Reproduce exactly the line containing "Banner Bomac Forklift" and each line after it until the listing ends, leaving pictures out.

DATASET EXCERPT:
- - -

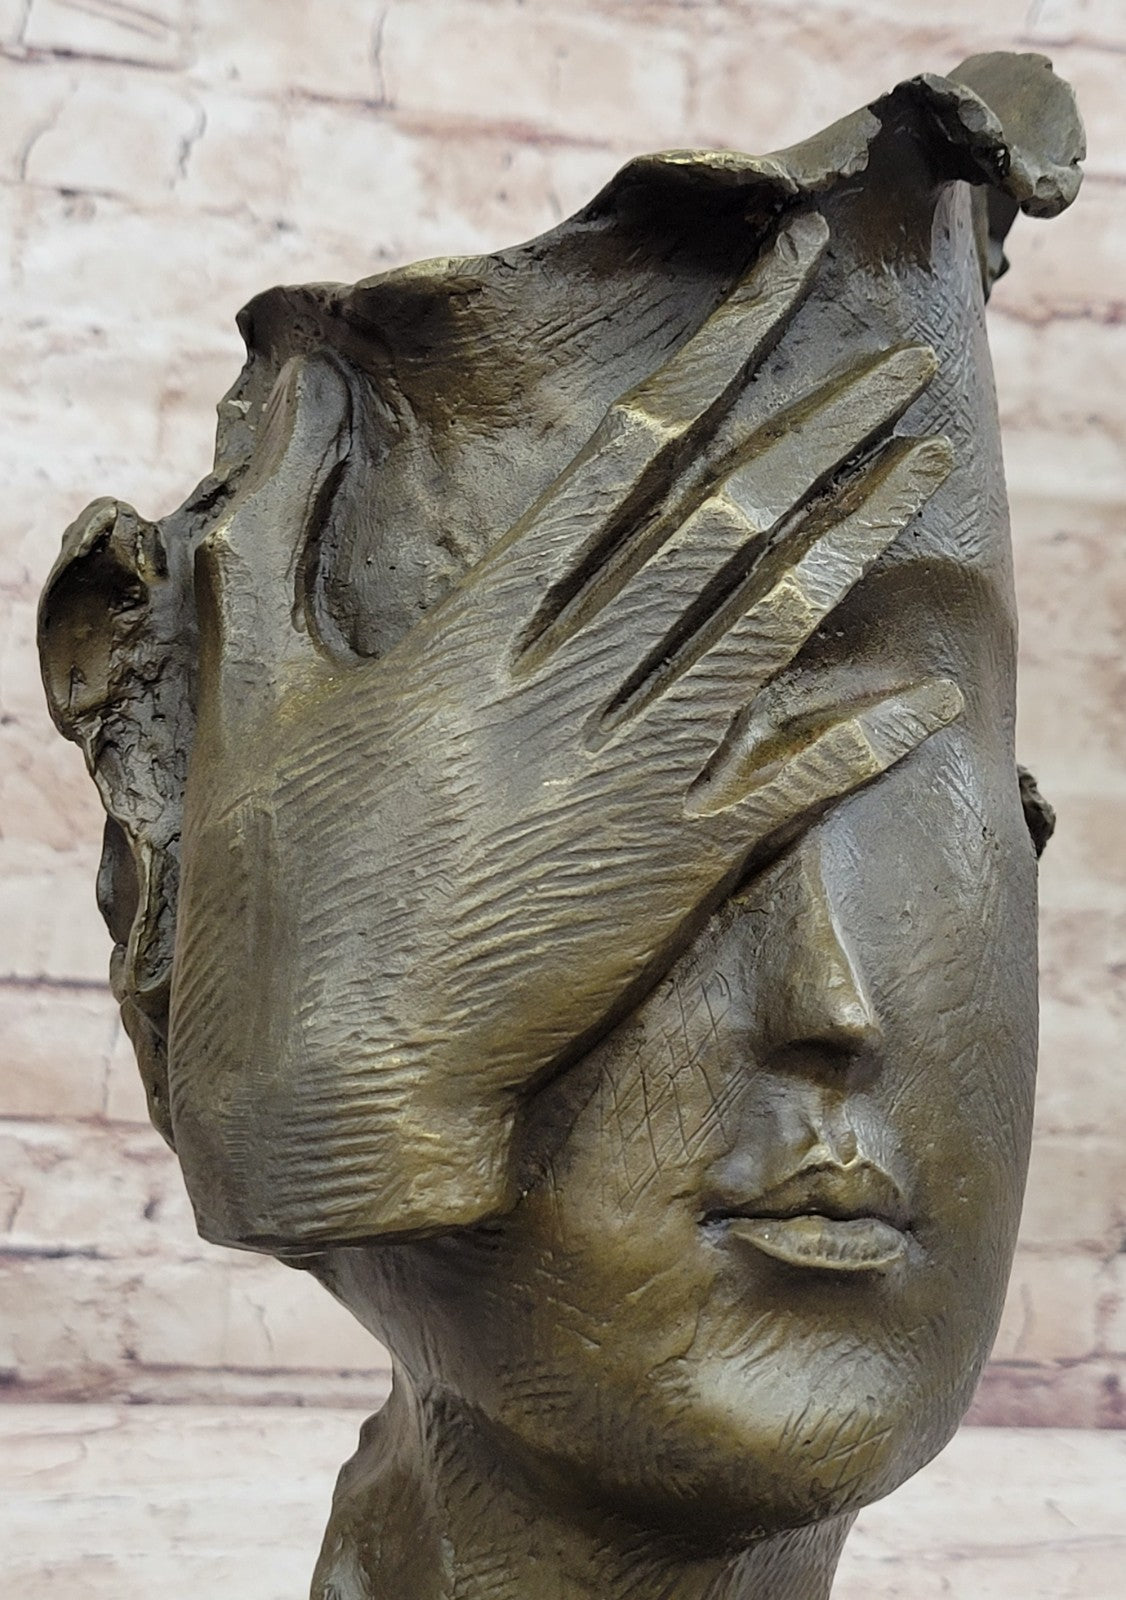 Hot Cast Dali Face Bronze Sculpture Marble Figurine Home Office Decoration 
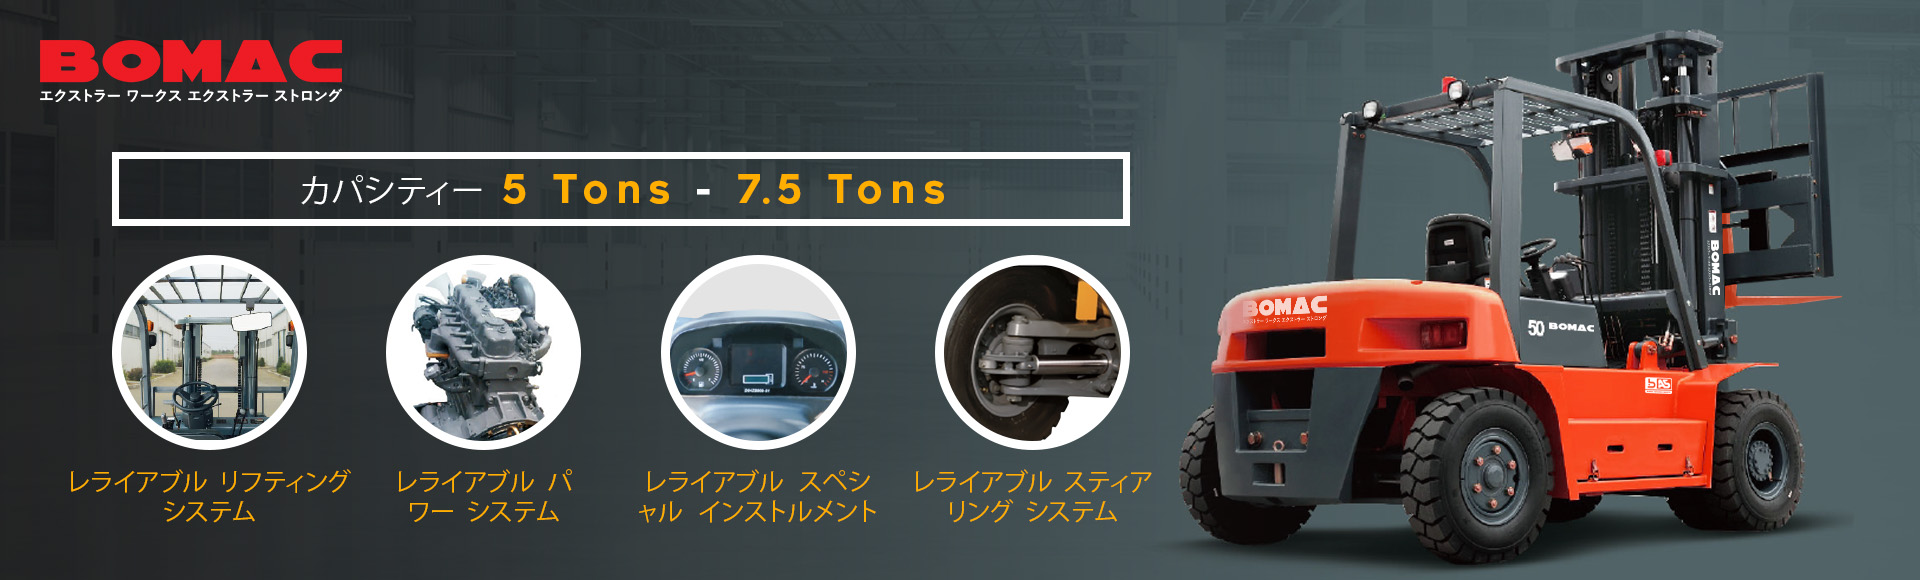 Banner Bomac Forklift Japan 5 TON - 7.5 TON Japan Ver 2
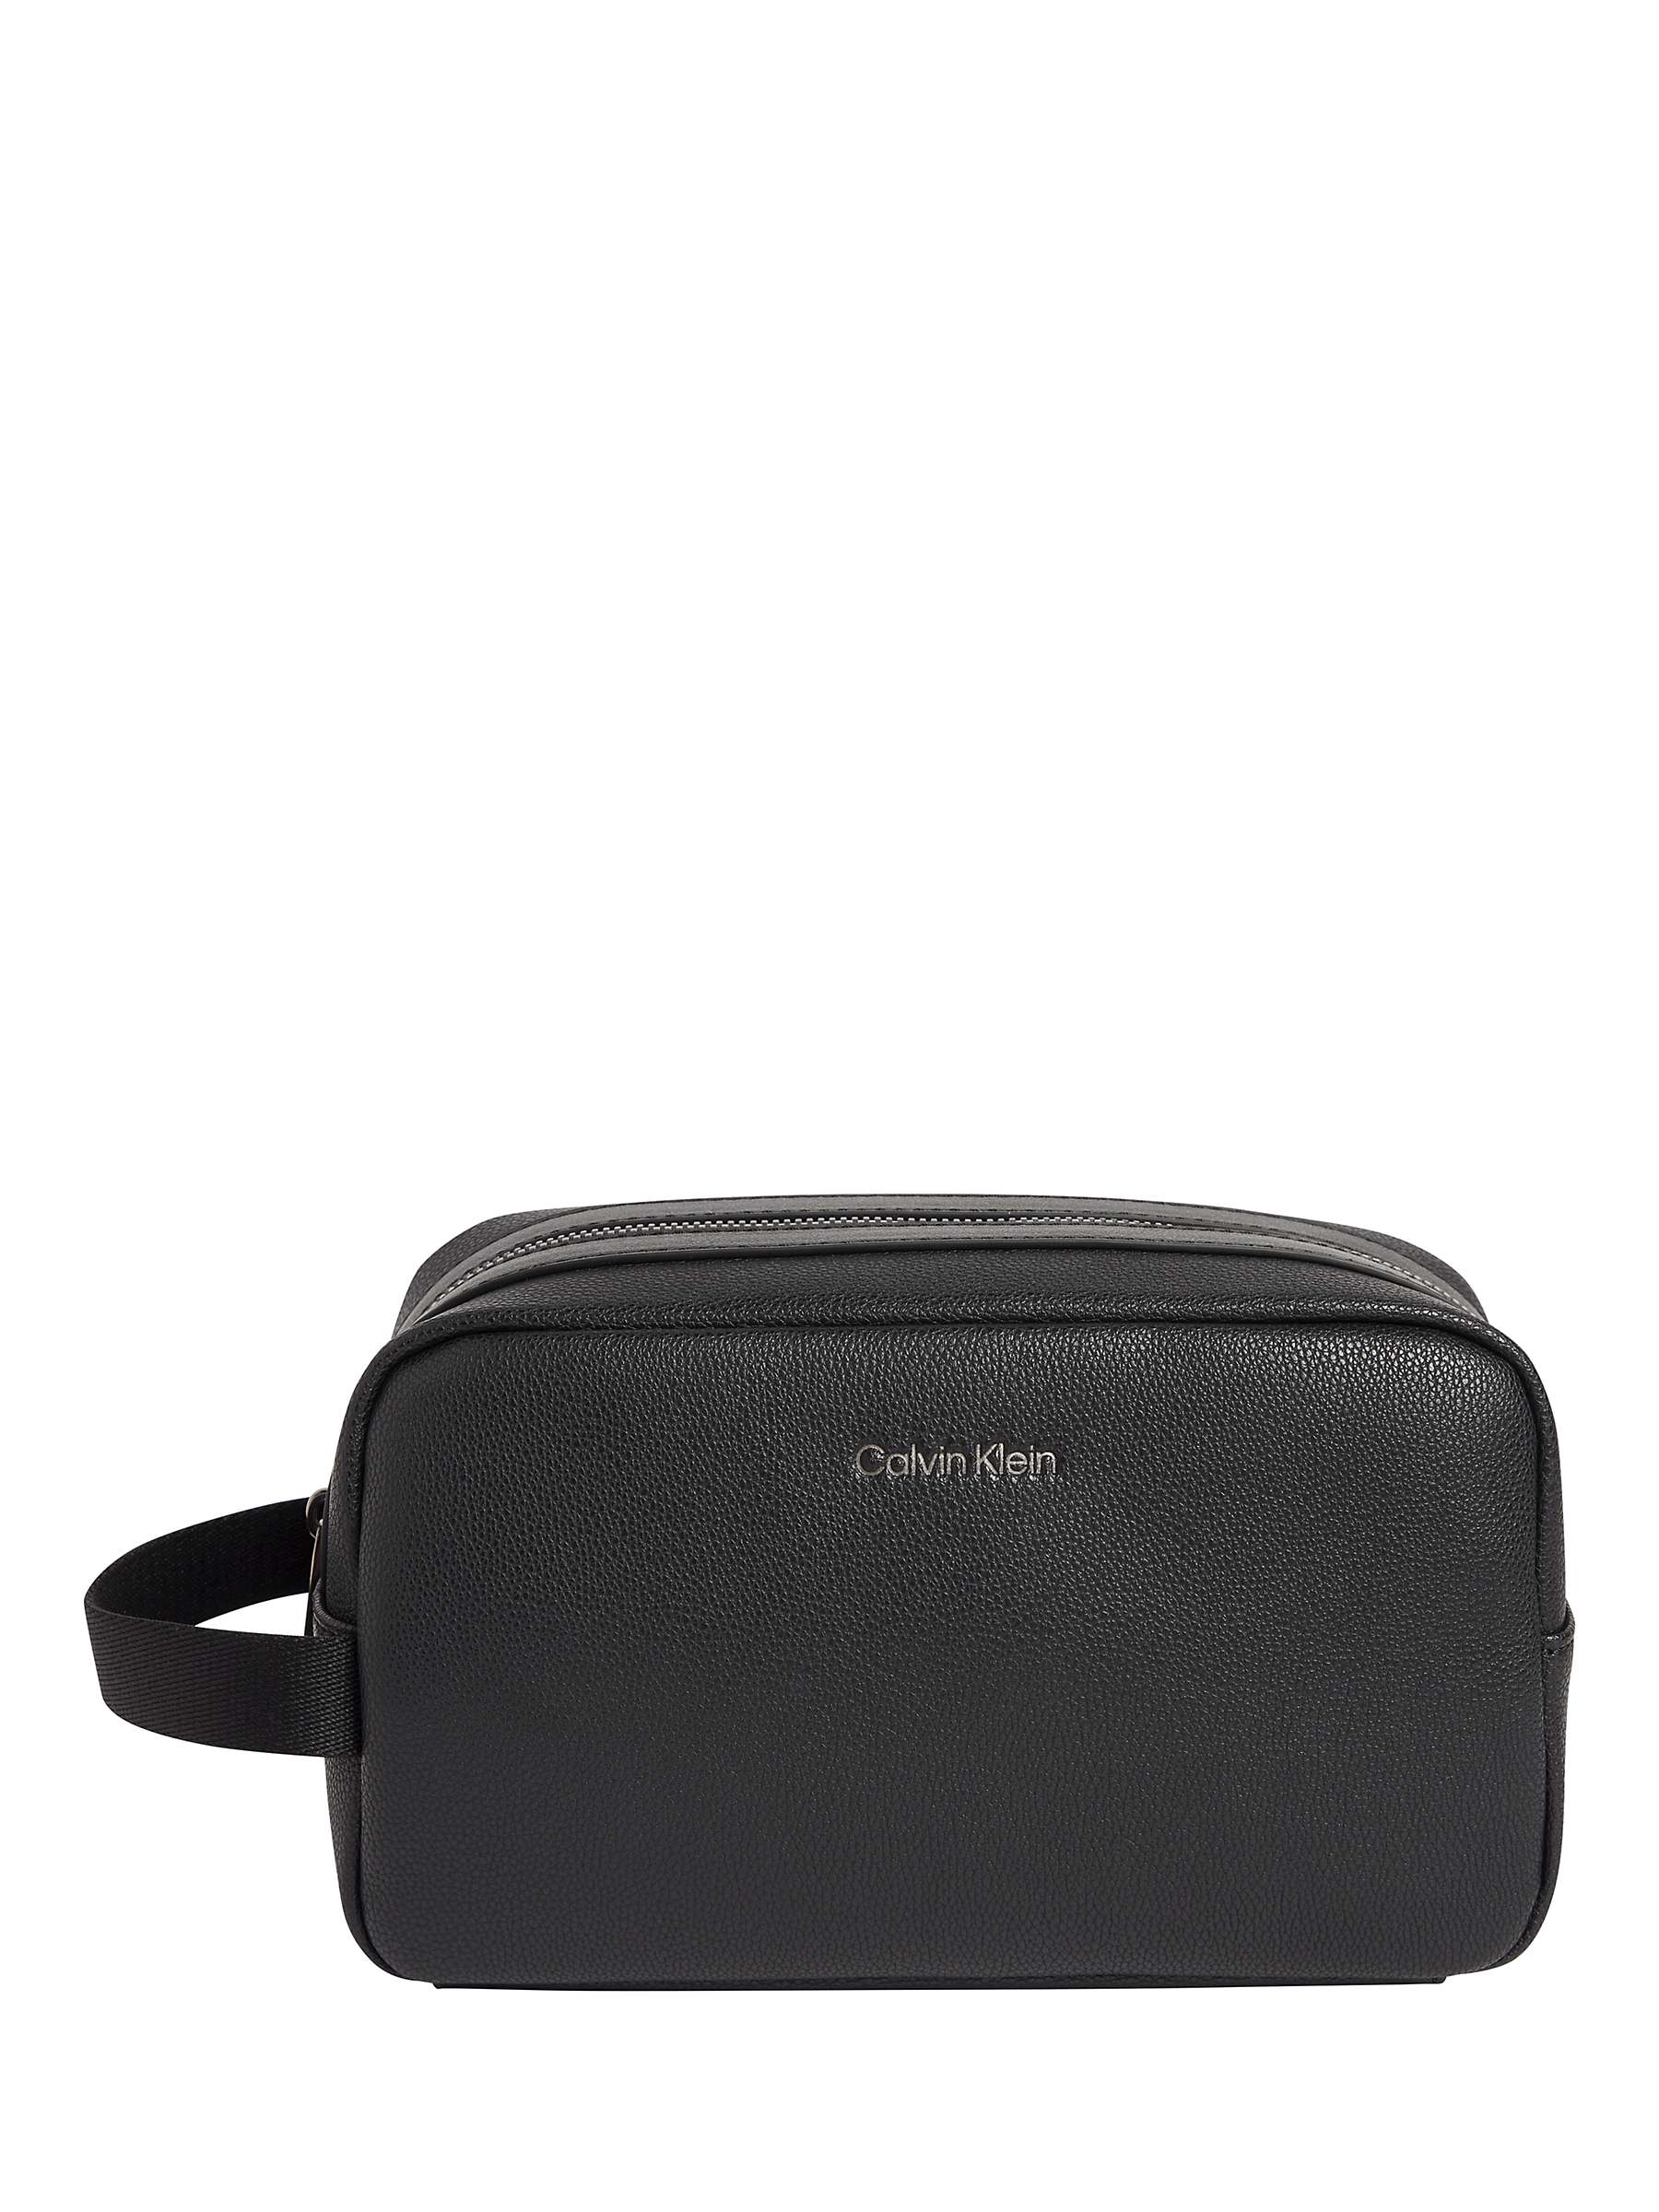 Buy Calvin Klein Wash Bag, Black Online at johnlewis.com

- - -

YOUR RESPONSE:
 Banner Bomac Forklift Japan 5 TON - 7.5 TON Japan Ver 2
 Buy Calvin Klein Wash Bag, Black Online at johnlewis.com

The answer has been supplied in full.